Впереди бежали двумя рядами уличные мальчишки, и высокий тамбур-мажор шагал,
отмахивая такт большим жезлом. За ним двигались музыканты, с раздутыми и
красными щеками, в касках с перьями, в цветных мундирах, с огромными
эполетами на плечах, расшитые и изукрашенные до такой степени, что, кажется,
не оставалось на них ни клочка, чем-нибудь не расцвеченного, не завешанного
каким-нибудь галуном или позументом.
Матвей думал, что далее он увидит отряд войска. Но, когда пыль стала
ближе и прозрачнее, он увидел, что за музыкой идут -- сначала рядами, а
потом, как попало, в беспорядке -- все такие же пиджаки, такие же мятые
шляпы, такие же пыльные и полинялые фигуры. А впереди всей этой пестрой
толпы, высоко над ее головами, плывет и колышется знамя, укрепленное на
высокой платформе на колесах. Кругом знамени, точно стража, с десяток людей
двигались вместе с толпой...
Гремя, стуча, колыхаясь, под яркие звуки марша, под неистовые крики и
свист ожидавшего народа, знамя подошло к фонтану и стало. Складки его
колыхнулись и упали, только ленты шевелились по ветру, да порой полотнище
плескалось, и на нем струились золотые буквы...

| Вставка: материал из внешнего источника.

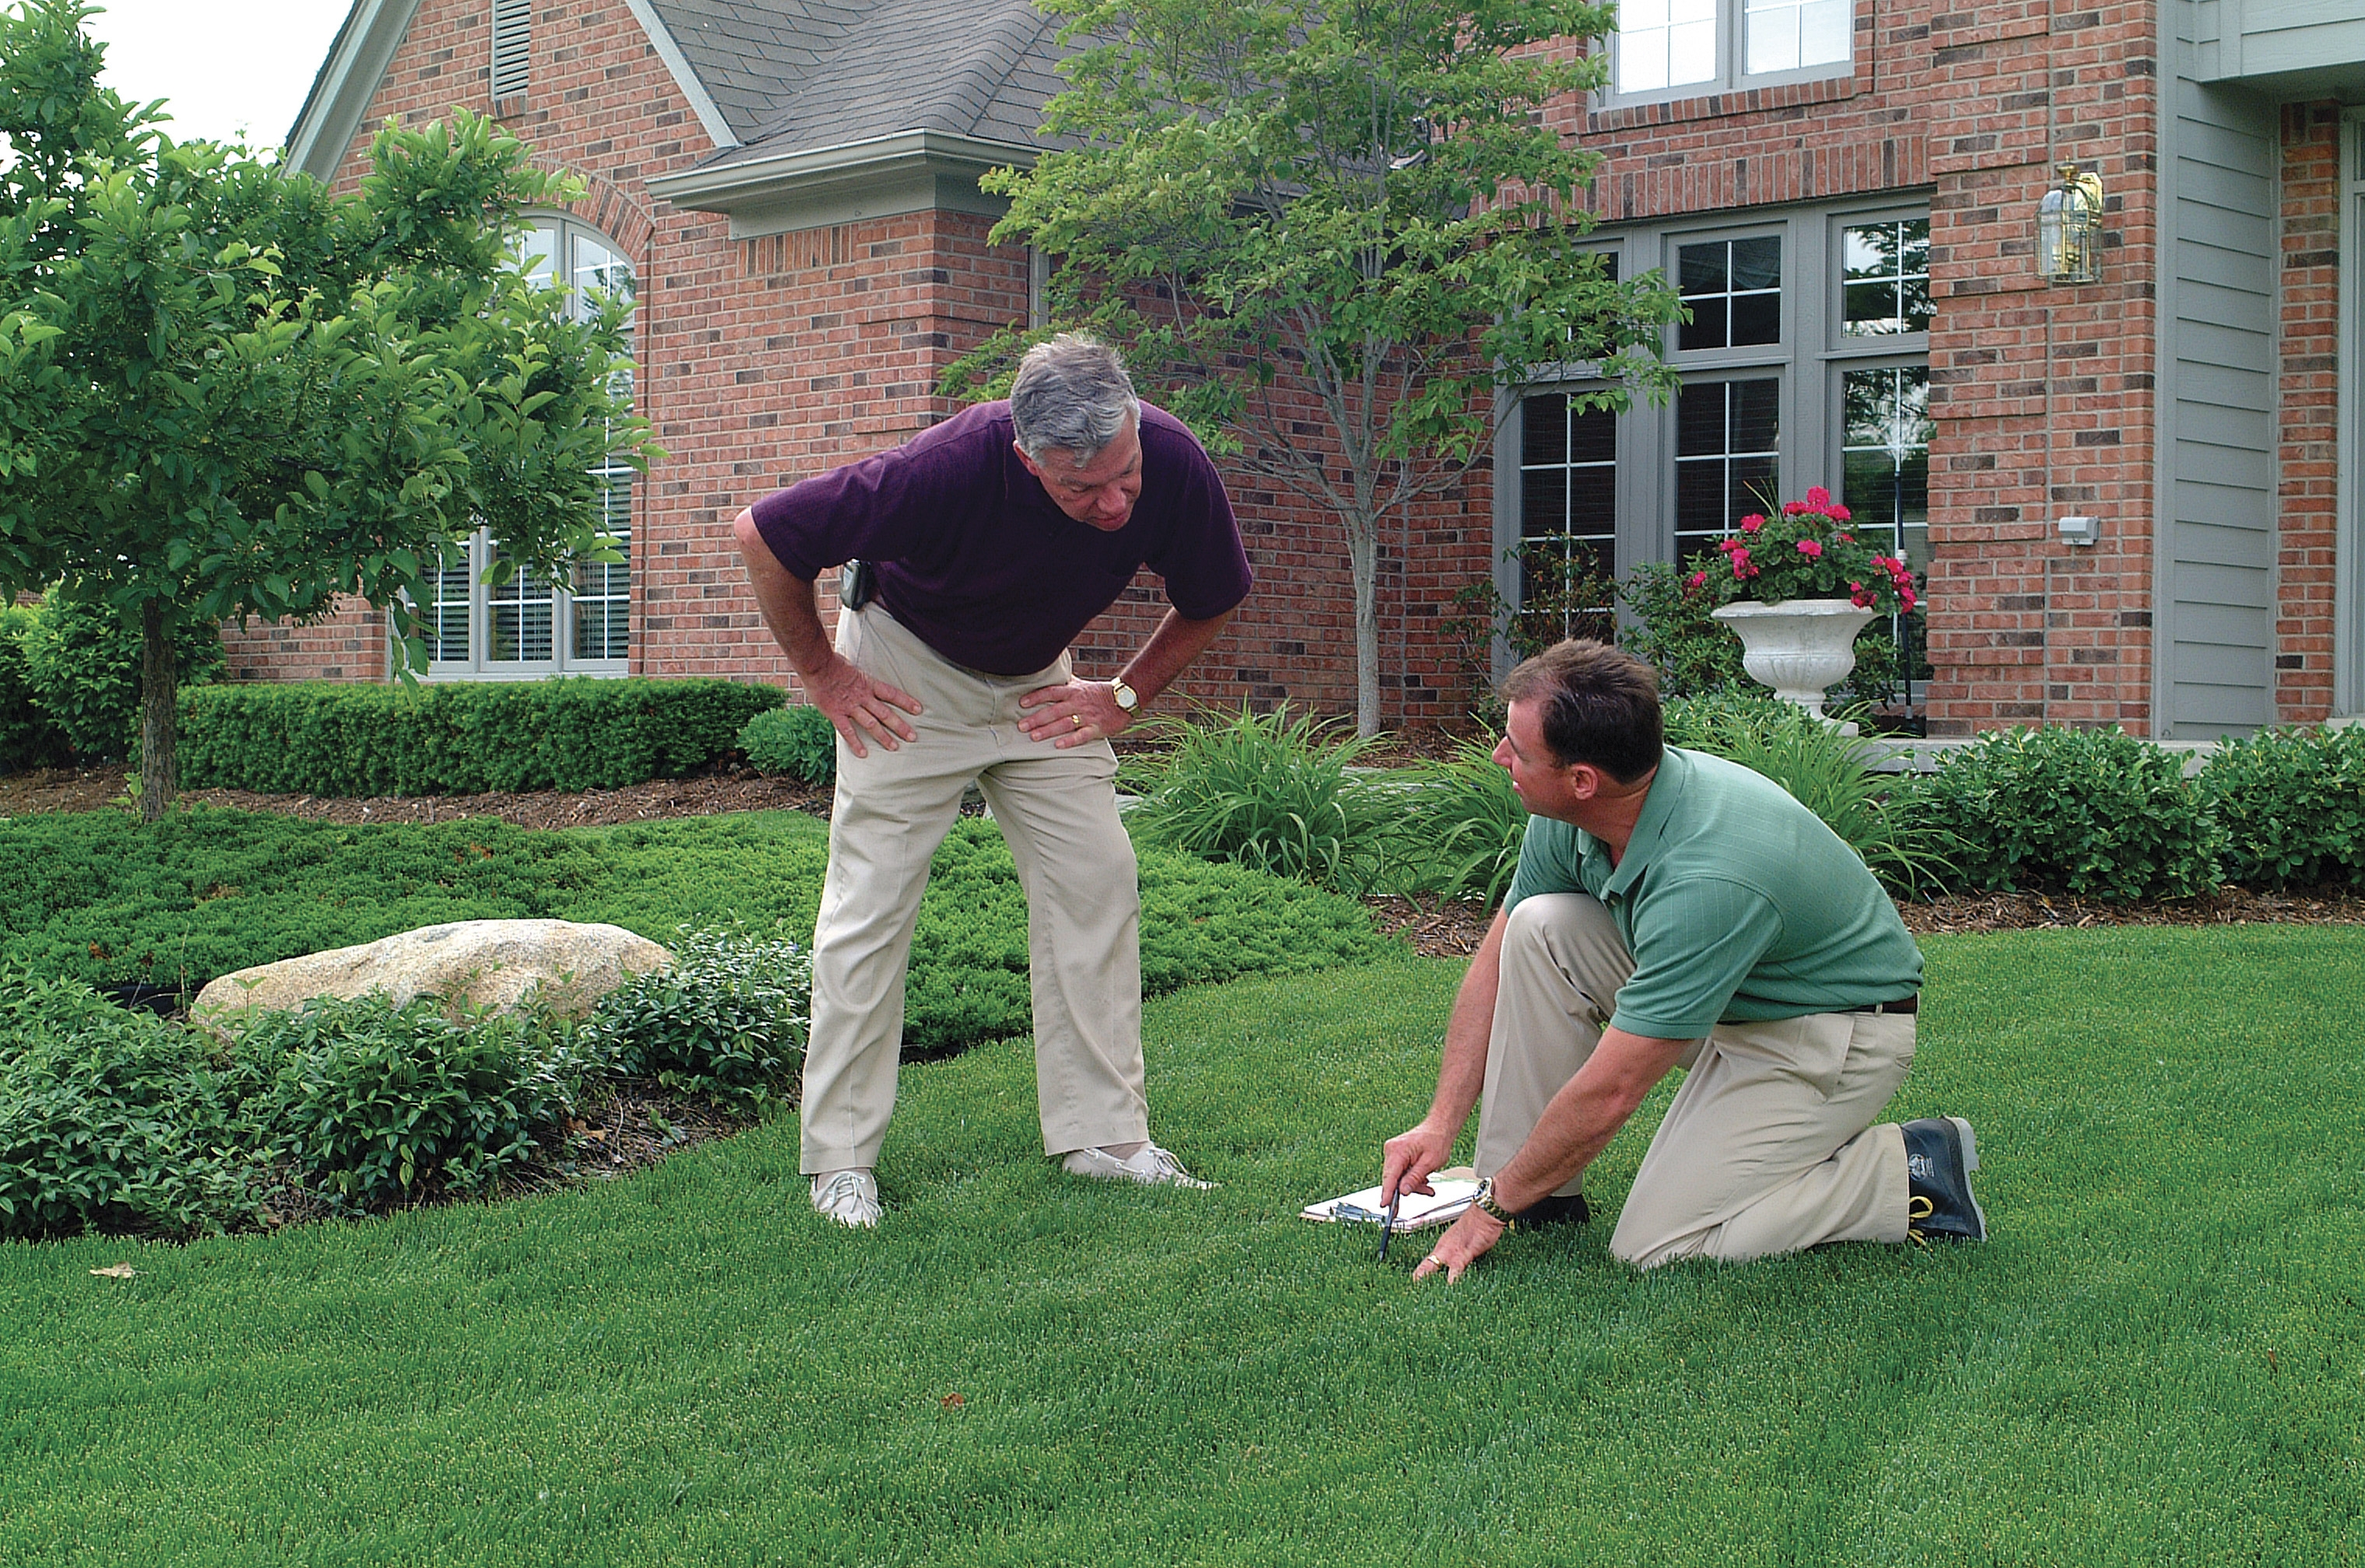 Professional Lawn Care Company in Summit New Jersey | 1.888.Lawntec Services Inc.

Тогда в толпе поднялся настоящий шабаш. Одни звали новоприбывших к
дереву, где недавно висел самоубийца, другие хотели остаться на заранее
назначенном месте. Знамя опять колыхнулось, платформа поплыла за толпой, но
скоро вернулась назад, отраженная плотно сомкнувшимся у дерева отрядом
полиции.
Когда пыль, поднятую этой толкотней, пронесло дальше, к площади, знамя
опять стояло неподвижно, а под знаменем встал человек с открытой головой,
длинными, откинутыми назад волосами и черными сверкающими глазами южанина.

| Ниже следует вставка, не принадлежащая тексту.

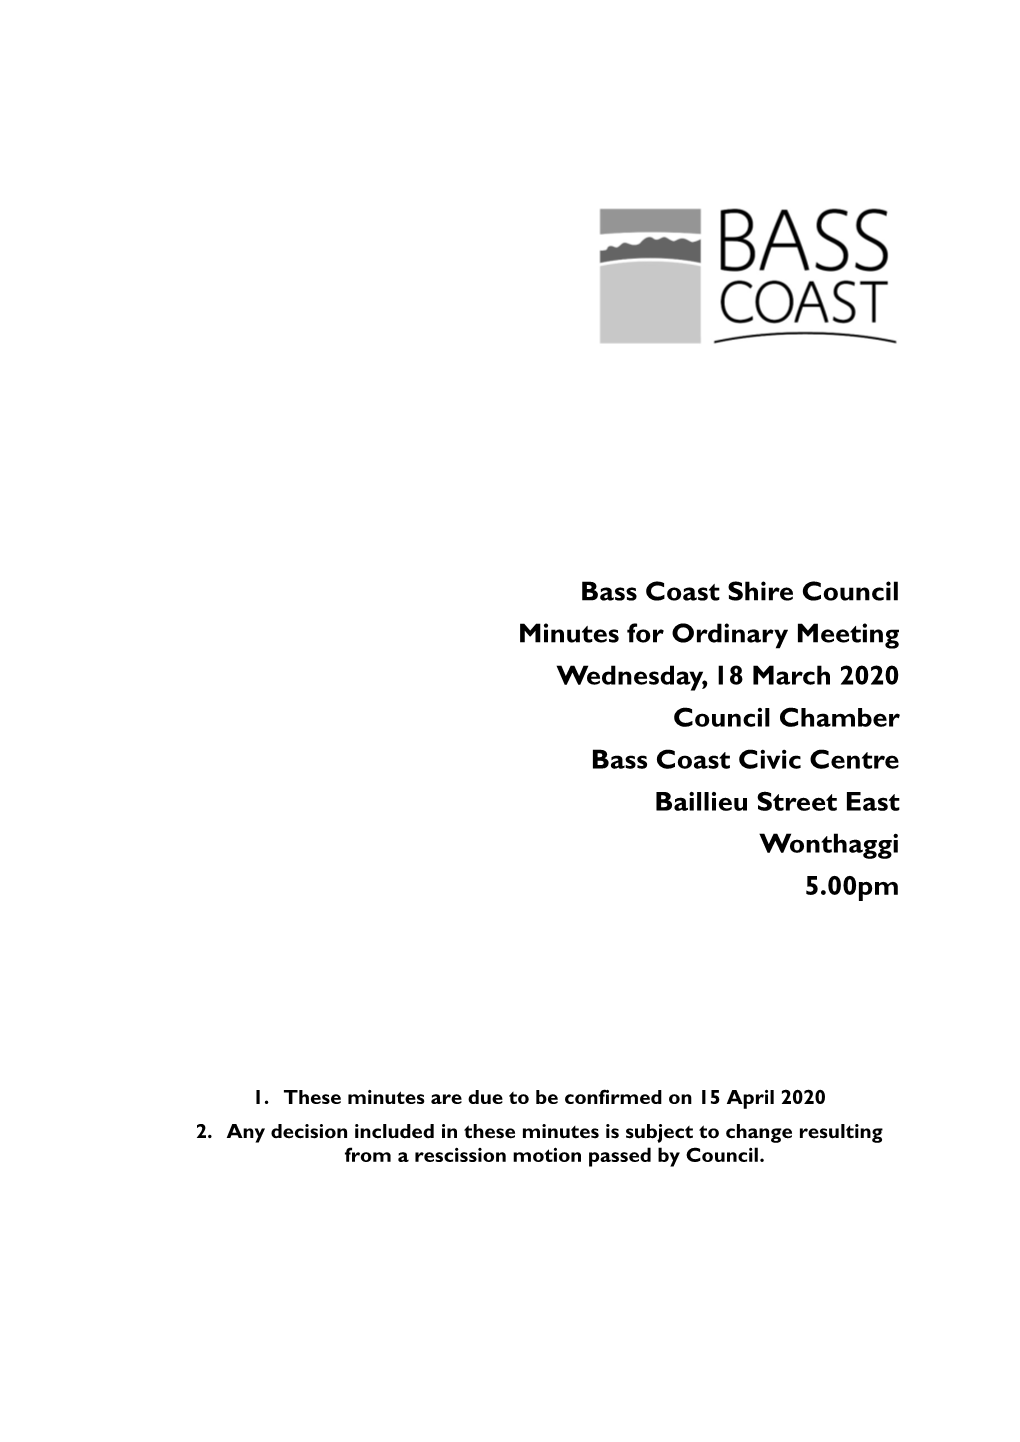 Minutes of Ordinary Meeting - 18 March 2020 Bass Coast Shire Council

Он был невелик ростом, но возвышался над всею толпой, на своей платформе, и
у него был удивительный голос, сразу покрывший говор толпы. Это был мистер
Чарльз Гомперс, знаменитый оратор рабочего союза.
Толпа вся стихла, когда, протянув руку к дереву, где еще недавно висел
самоубийца, он сказал негромко, но с какой-то особенной торжественной
внятностью:
-- Прежде всего, отдадим почет одному из наших товарищей, который еще
этой ночью изнемог в трудной борьбе.
Над многотысячной толпой точно пронесся ветер, и бесчисленные шляпы
внезапно замелькали в воздухе. Головы обнажились. Складки знамени рванулись
и заплескались среди гробовой тишины печально и глухо. Потом Гомперс начал
опять свою речь.
В груди у Матвея что-то дрогнуло. Он понял, что этот человек говорит о
нем, о том, кто ходил этой ночью по парку, несчастный и бесприютный, как и
он, Лозинский, как и все эти люди с истомленными лицами. О том, кого, как и
их всех, выкинул сюда этот безжалостный город, о том, кто недавно спрашивал
у него о чем-то глухим голосом... О том, кто бродил здесь со своей глубокой
тоской и кого теперь уже нет на этом свете.
Было слышно, как ветер тихо шелестит листьями, было слышно, как порой
тряхнется и глухо ударит по ветру своими складками огромное полотнище
знамени... А речь человека, стоявшего выше всех с обнаженной головой,
продолжалась, плавная, задушевная и печальная...
Потом он повернулся и протянул руку к городу, гневно и угрожающе.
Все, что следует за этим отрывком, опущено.